Tammerkoski is a channel of rapids in Tampere, Finland. The city of Tampere is located between two lakes, Näsijärvi and Pyhäjärvi. The difference in altitude between these two is 18 m and the water flows from Näsijärvi to Pyhäjärvi through the Tammerkoski rapids.
The banks of the Tammerkoski are among the oldest industrial areas in Finland and were the site of a busy marketplace in the 17th century. Tampere was founded on the banks of the rapids, as the rushing water provided a great deal of power for the needs of industry.

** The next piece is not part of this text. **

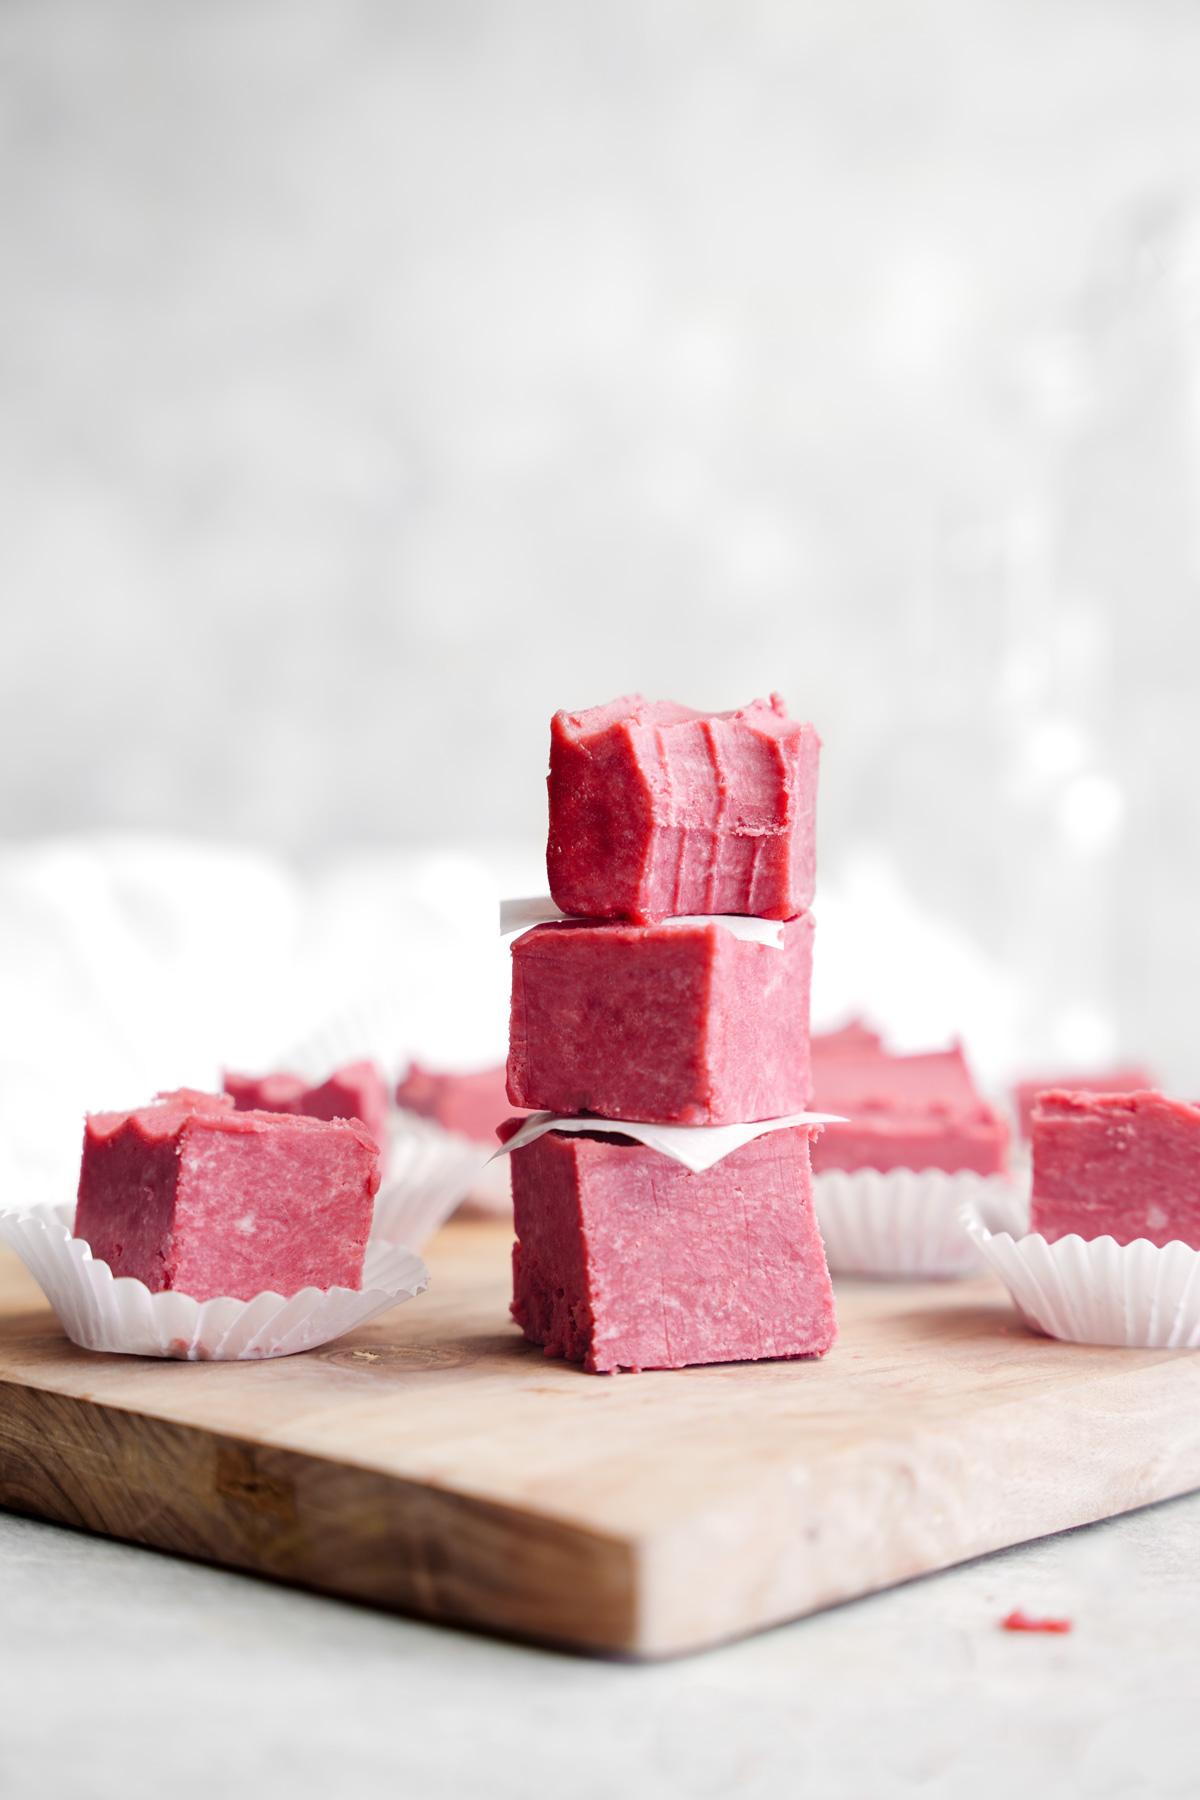 the vegan red velvet fudge stacked on top of each other

Four power stations and three dams are located on the Tammerkoski. The highest in altitude is the dam between Finlayson and Tampella. From this dam, the stream is led to the power stations of Finlayson and Tampella on either side of the rapids. In the middle is the city's power plant and the lowest one in terms of altitude is the dam at the Tako paperboard mill, owned by M-real. The three uppermost power stations are owned by the city, while the power station at Tako is owned mostly by the municipal power company of Southern Savonia.

==History==
Tammerkoski has been mentioned in official documents since 1405. In the 15th century, the first dams were built on the channel. The first argument over milling plant rights happened in 1466, when Takahuhti, Messukylä and Tammerkoski argued over their shares. About a hundred years later the government noticed the possibilities in the area and tried to replace the peasant-controlled dams with their own. The attempt was unsuccessful due to opposition from the inhabitants.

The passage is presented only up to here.